Good Men Project, Bad Feminist Politics

The editors at the Good Men Project continue to demonstrate a profound level of hypocrisy and dishonesty. They want people to think GMP stands for discussing men’s issues. However, time and time again the editors reveal their incessant need to defend feminism, even to the detriment of their claims about open discussion.

Many people experienced this bizarre double-think over the years. Yet, few documented it as well as Laurie A. Couture. Couture wrote a piece titled An Autistic Critique of Feminism: A Humanitarian on the Autism Spectrum Refuses to be Silenced about the Overlooked Side of Social Justice. She submitted the article to GMP, and the editors accepted it. What followed shows the precise problem with GMP and the magazine’s claims about its concern for men’s issues. Couture explains in her video:

I do not believe the editor Couture emailed. I do not think this occurred as a result of miscommunication. It does not sound plausible. I think what occurred happened intentionally. I think those involved disliked Couture’s article from the beginning, yet saw a means to exploit it. I think they accepted the article under the pretense of publishing it, attempted to force Couture to edit out any criticism of feminism, and when she did not, the editors mangled her article to suit their purposes.

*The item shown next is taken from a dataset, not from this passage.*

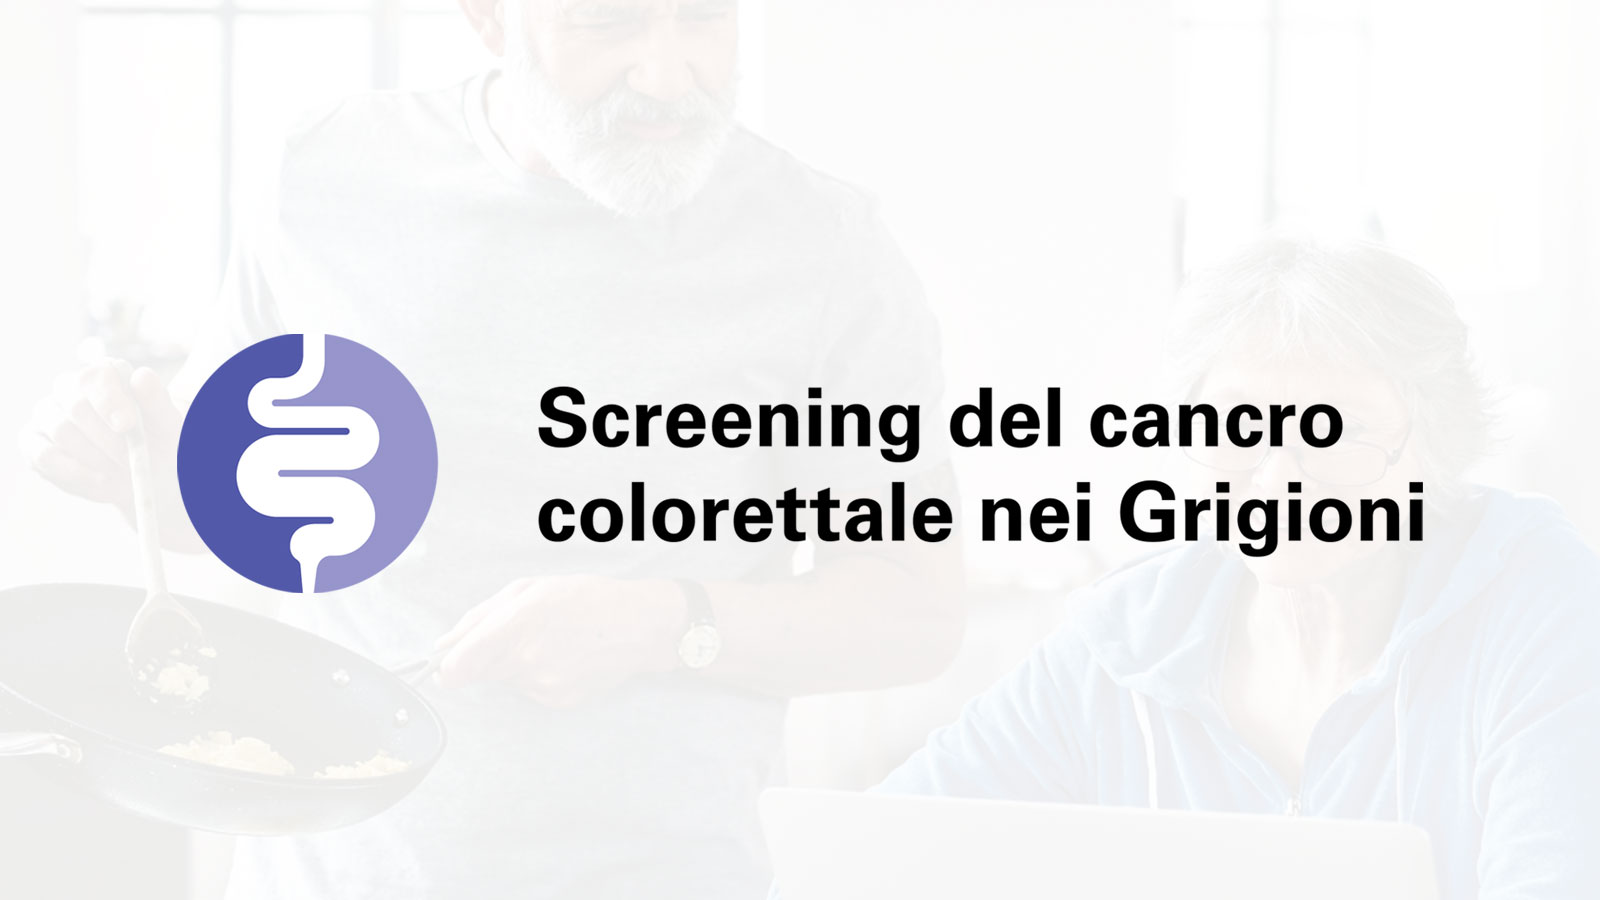 Lo screening del cancro colorettale può salvare la vita - anche la Sua.

I doubt they did this out of malice. I think they did it simply because the article would bring traffic. Yet I still find it bizarre to heavily edit someone’s article. Plenty of feminists write the kind of articles GMP prefers. Why accept Couture’s only to edit it down to something unrecognizable to the author? Such an act defines the very ideas of unethical and exploitative.

I checked GMP’s Twitter feed and Facebook page and found no reference to the article. On GMP’s site, the article appears buried and features only one comment. A skeptical person might claim cover-up.

Some people who read this blog follow and occasionally contribute to GMP. I think you should reconsider. Do not give them traffic, do not post comments, and do not submit articles to their site. Do not give them any support. I say that not as an attack against GMP but as a male survivor, an advocate for male survivors, and someone who prefers honest, civil, and ethical discussions.

People like those who run GMP do not appear to actually care about men’s issues or the men and boys affected by them. Even if they do, these people’s need to defend feminism trumps their concern. That results in the way they treated Couture. We cannot accept that. We cannot allow people more invested in an ideology than real people to control the discussion about men’s issues.

Do not give GMP your time or support. The editors running the site continue to prove themselves dishonest, and there is no reason to further encourage that behavior.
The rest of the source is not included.